[BRIEF]:
Skip the pictures. Give all the data again exactly.

[DATA EXCERPT]:

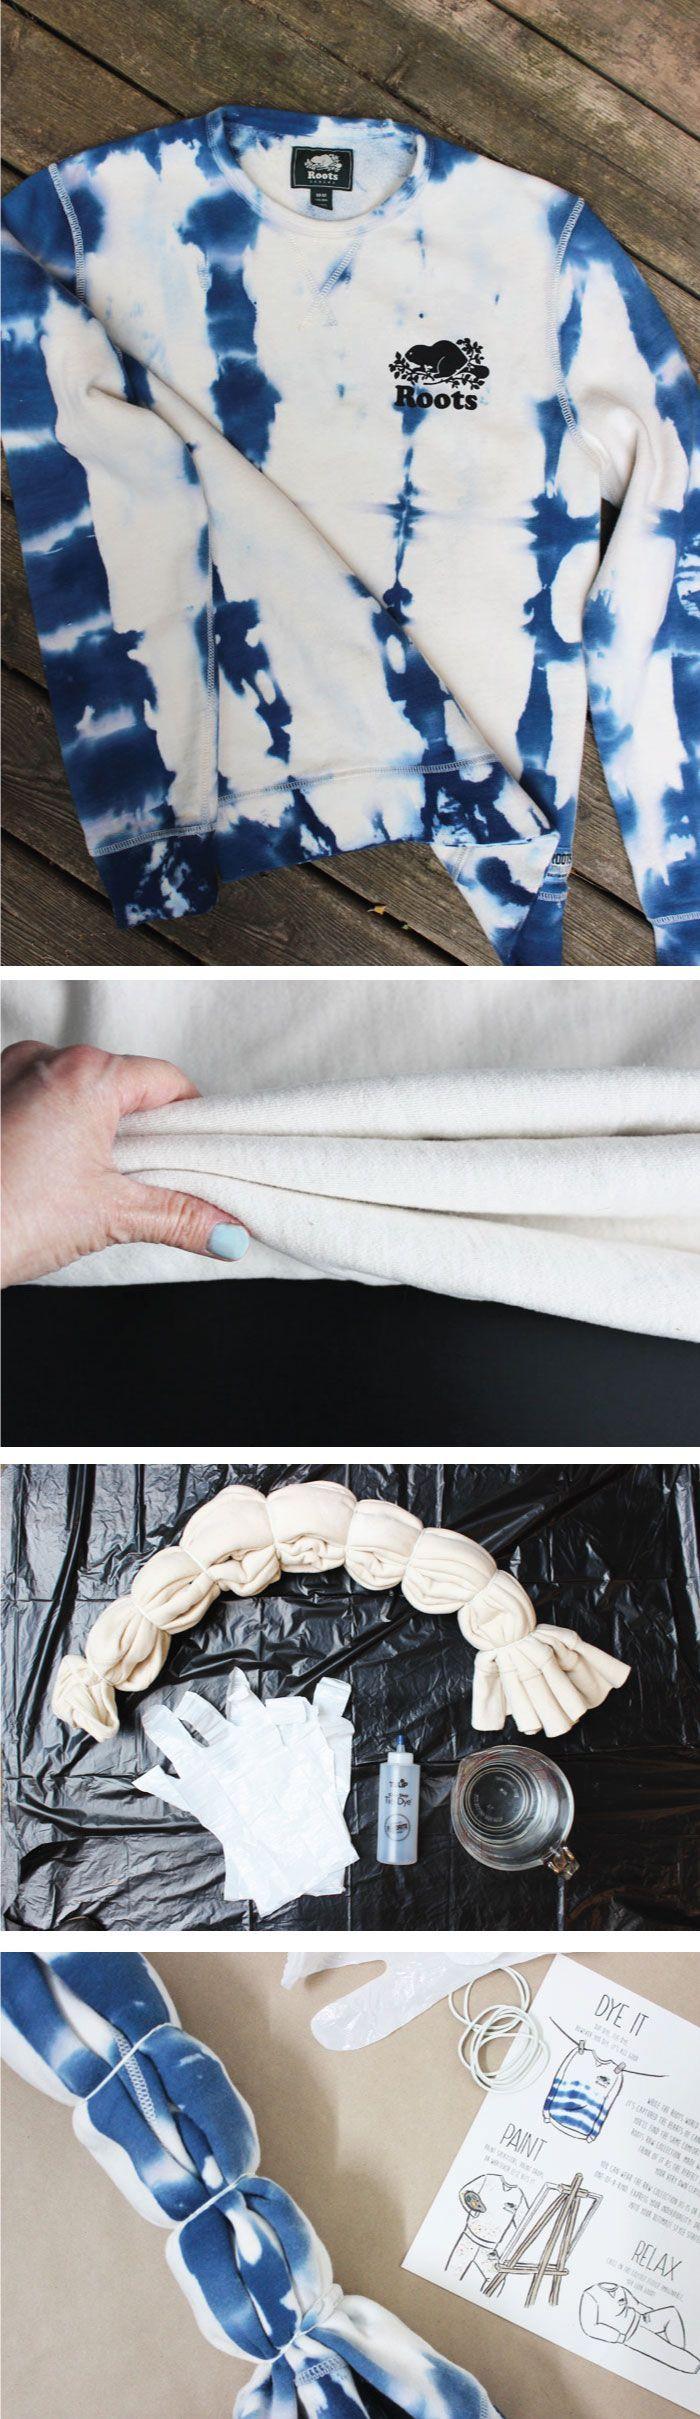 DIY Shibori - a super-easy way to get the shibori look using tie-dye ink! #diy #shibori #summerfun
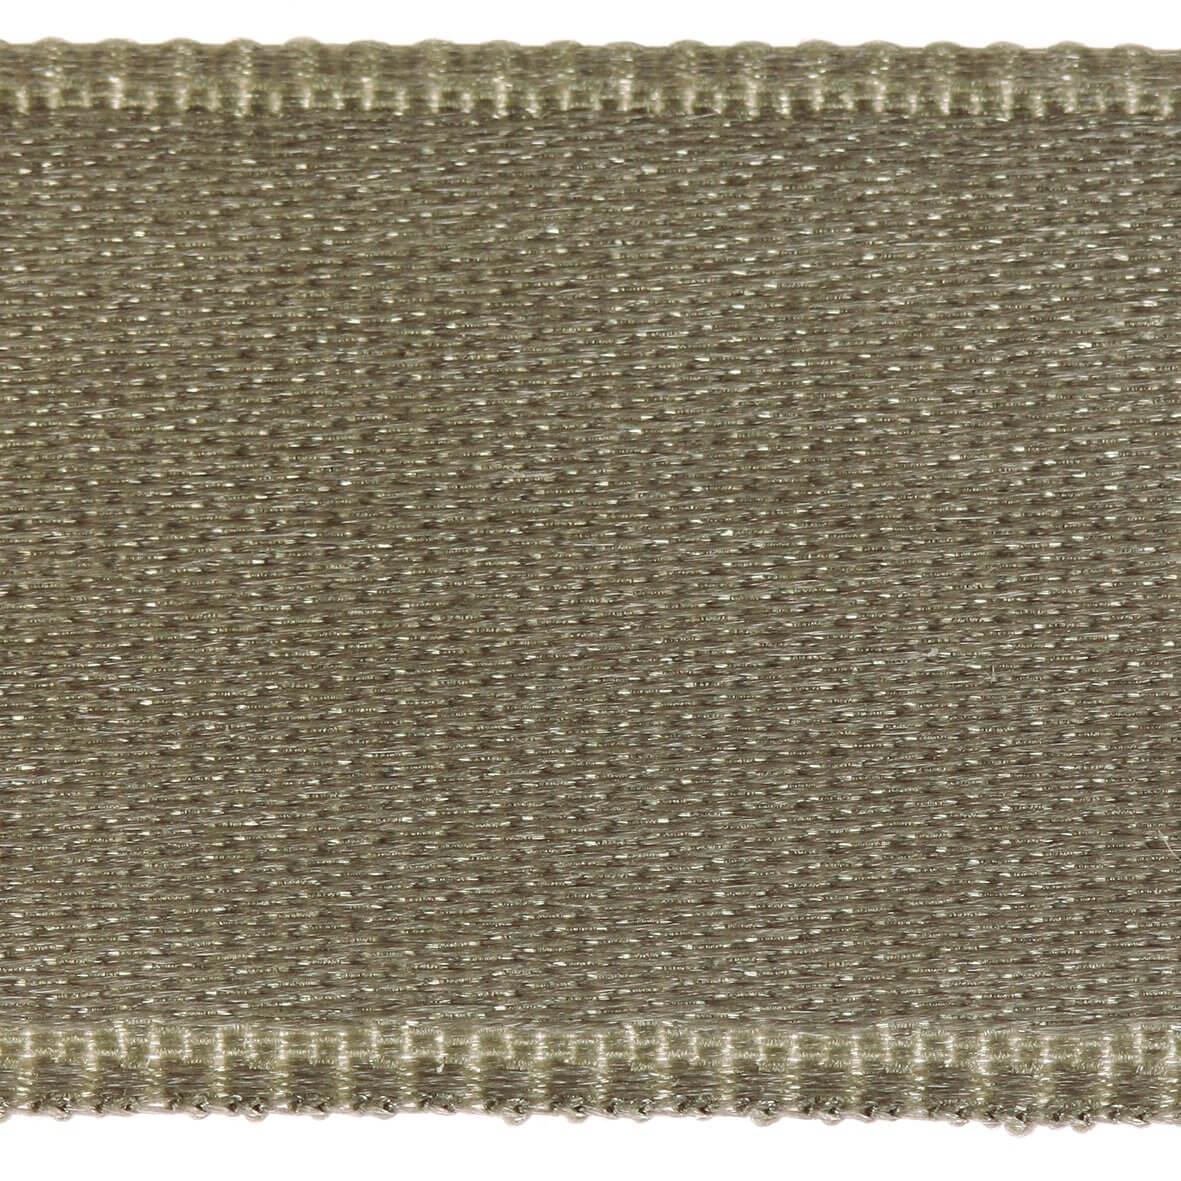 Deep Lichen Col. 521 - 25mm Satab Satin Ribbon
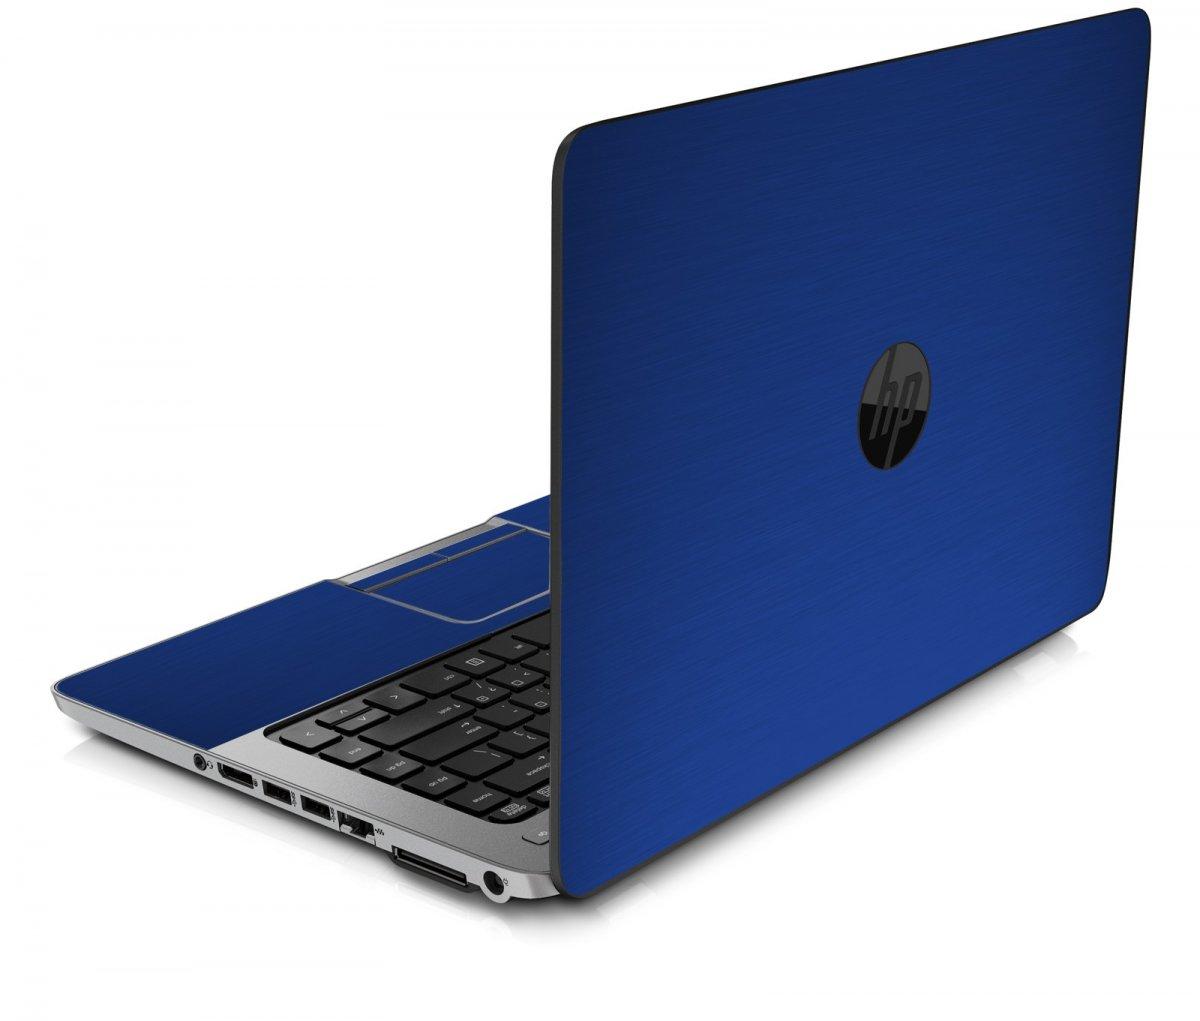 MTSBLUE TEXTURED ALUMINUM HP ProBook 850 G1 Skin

[EXERCISE ANSWER]:
 DIY Shibori - a super-easy way to get the shibori look using tie-dye ink! #diy #shibori #summerfun
 Deep Lichen Col. 521 - 25mm Satab Satin Ribbon
 MTSBLUE TEXTURED ALUMINUM HP ProBook 850 G1 Skin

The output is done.